╭──

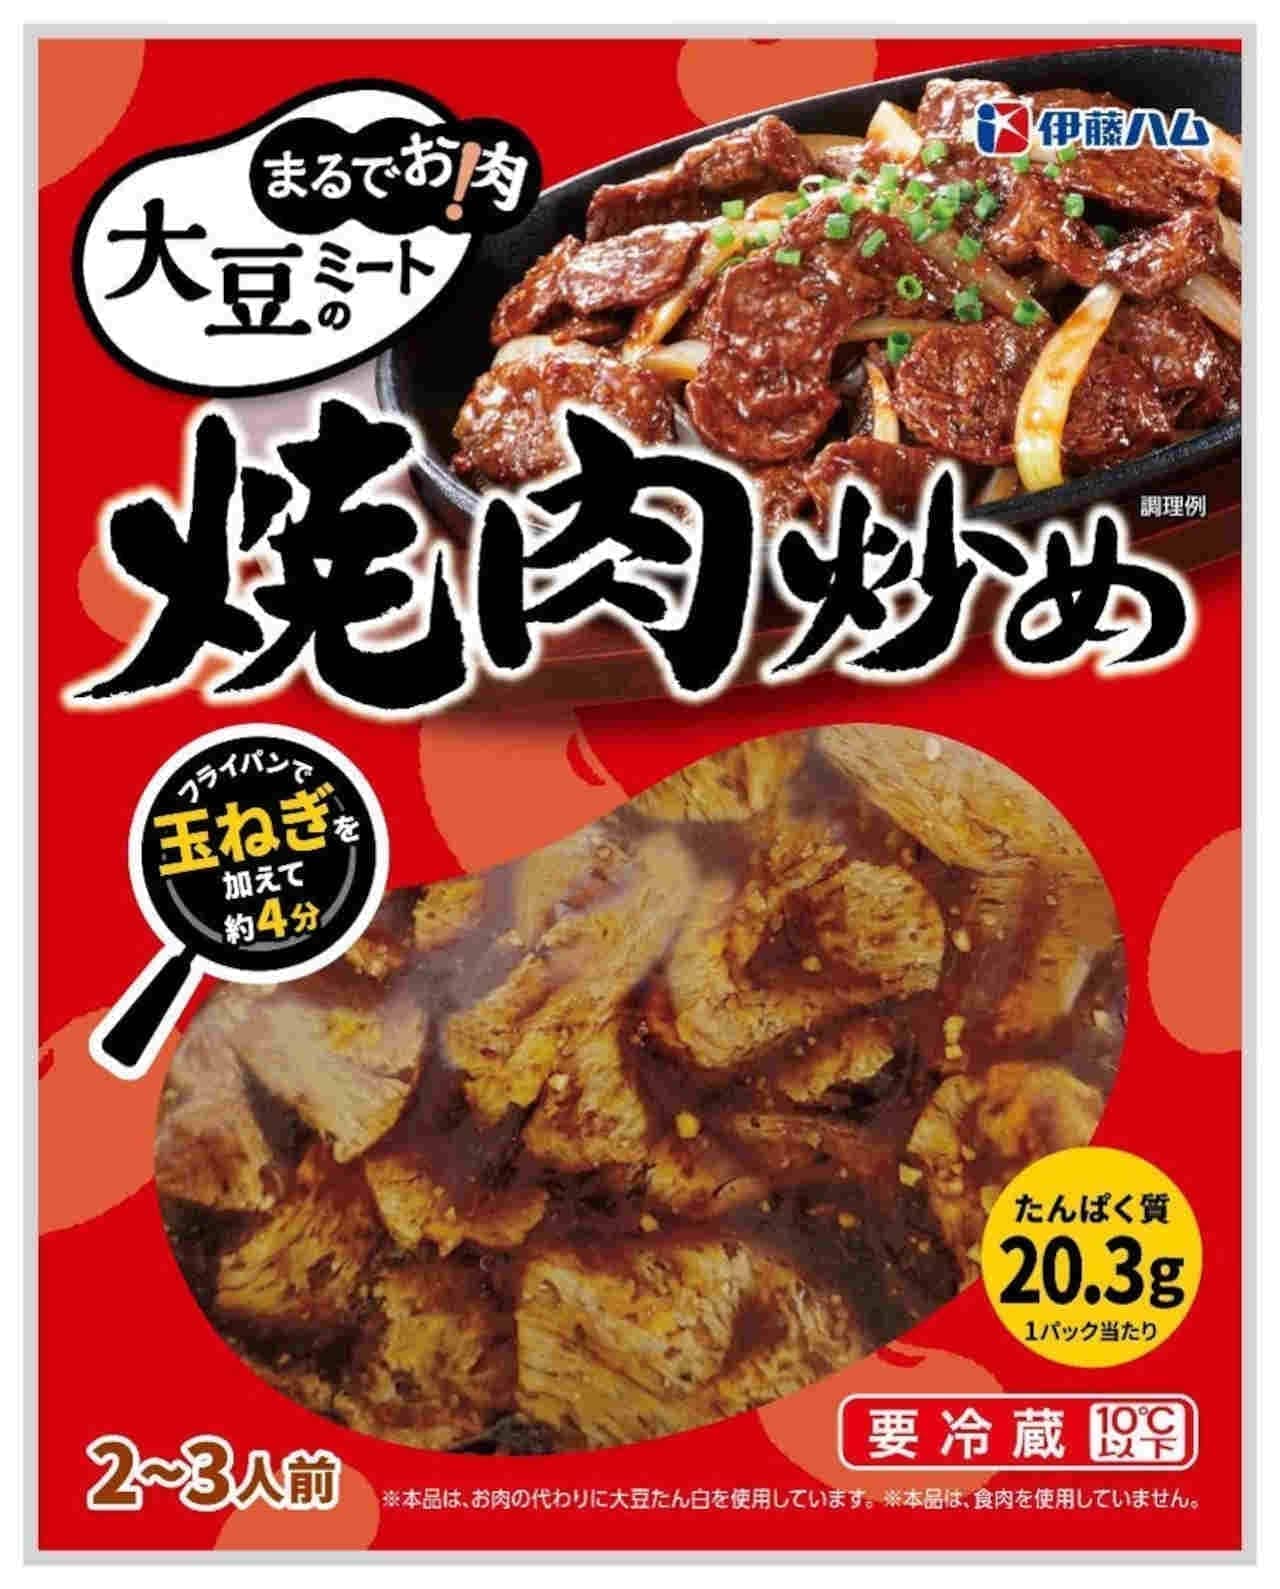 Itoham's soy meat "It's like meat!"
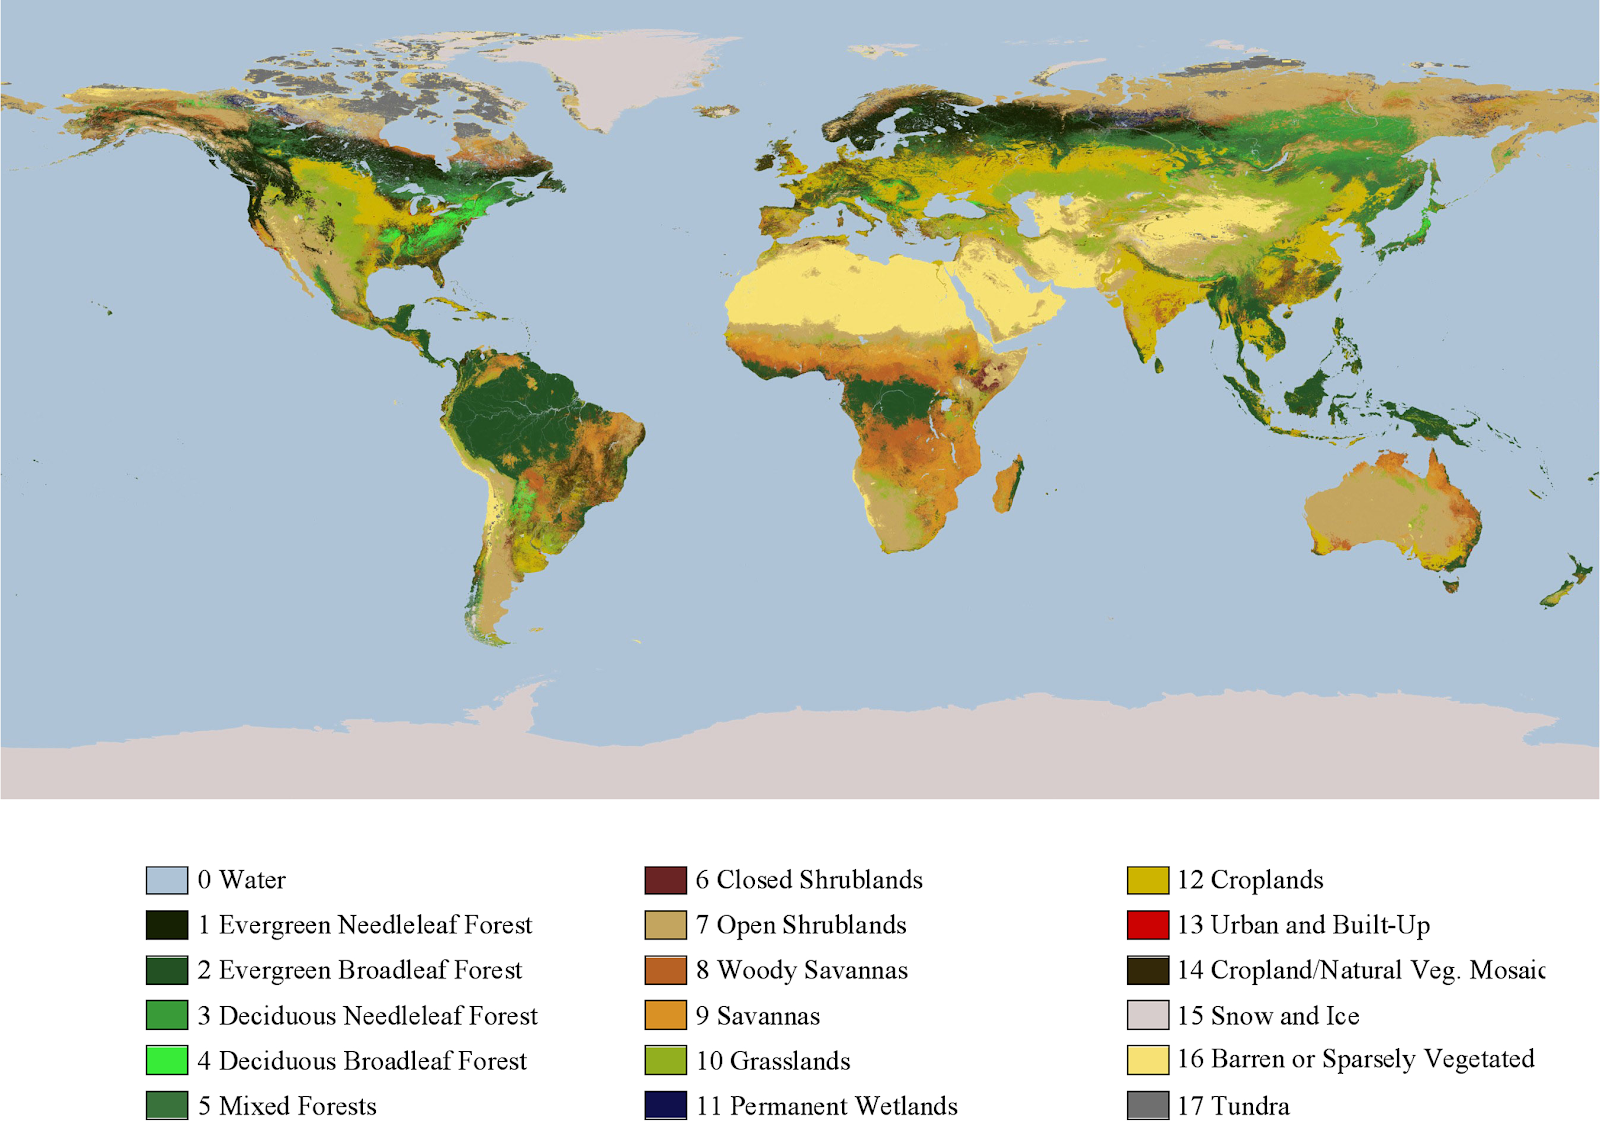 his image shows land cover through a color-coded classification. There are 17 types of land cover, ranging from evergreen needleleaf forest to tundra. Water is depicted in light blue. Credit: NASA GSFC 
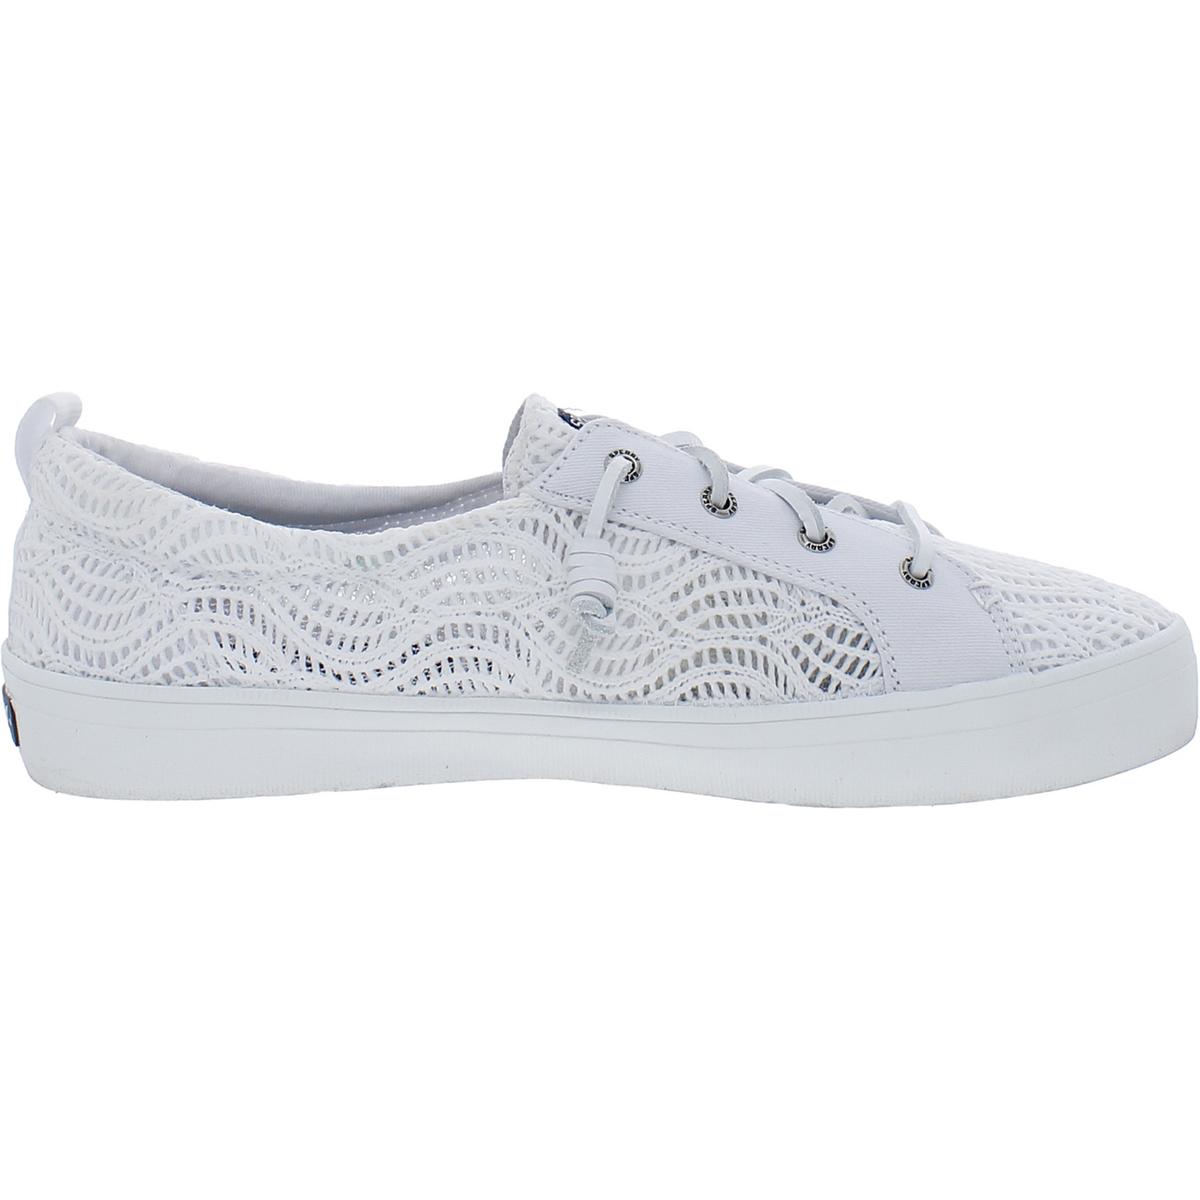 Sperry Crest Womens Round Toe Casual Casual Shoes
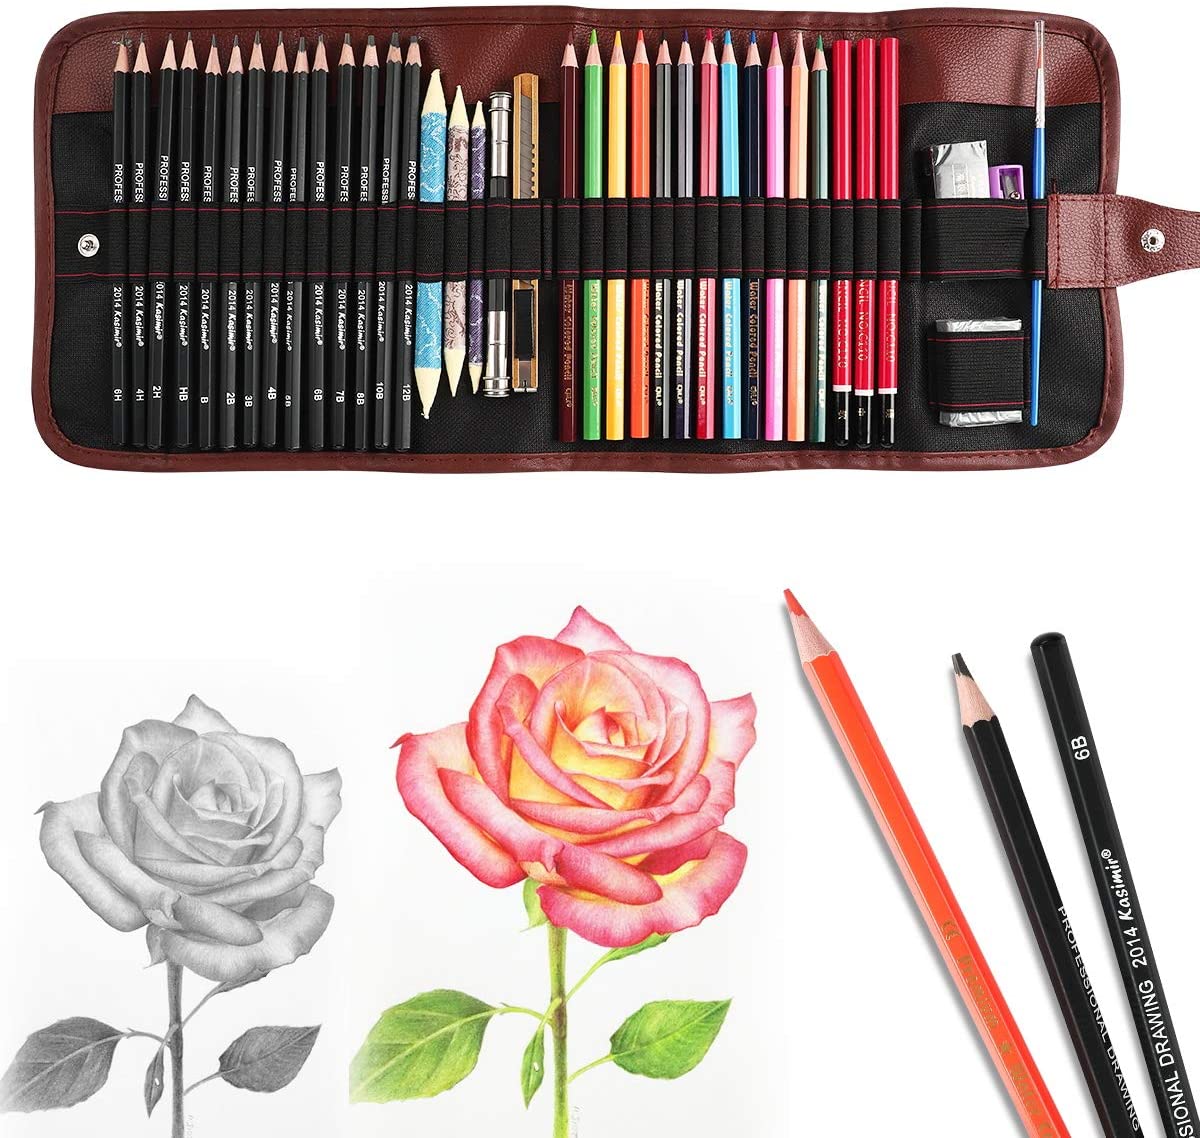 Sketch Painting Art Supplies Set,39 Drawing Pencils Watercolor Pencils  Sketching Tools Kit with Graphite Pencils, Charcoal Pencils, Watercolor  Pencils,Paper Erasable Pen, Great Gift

╰──

§ Directions for this task
The expected output is the full material above, word for word, without pictures.

§ Answer area
 Itoham's soy meat "It's like meat!"
 his image shows land cover through a color-coded classification. There are 17 types of land cover, ranging from evergreen needleleaf forest to tundra. Water is depicted in light blue. Credit: NASA GSFC 
 Sperry Crest Womens Round Toe Casual Casual Shoes
 Sketch Painting Art Supplies Set,39 Drawing Pencils Watercolor Pencils  Sketching Tools Kit with Graphite Pencils, Charcoal Pencils, Watercolor  Pencils,Paper Erasable Pen, Great Gift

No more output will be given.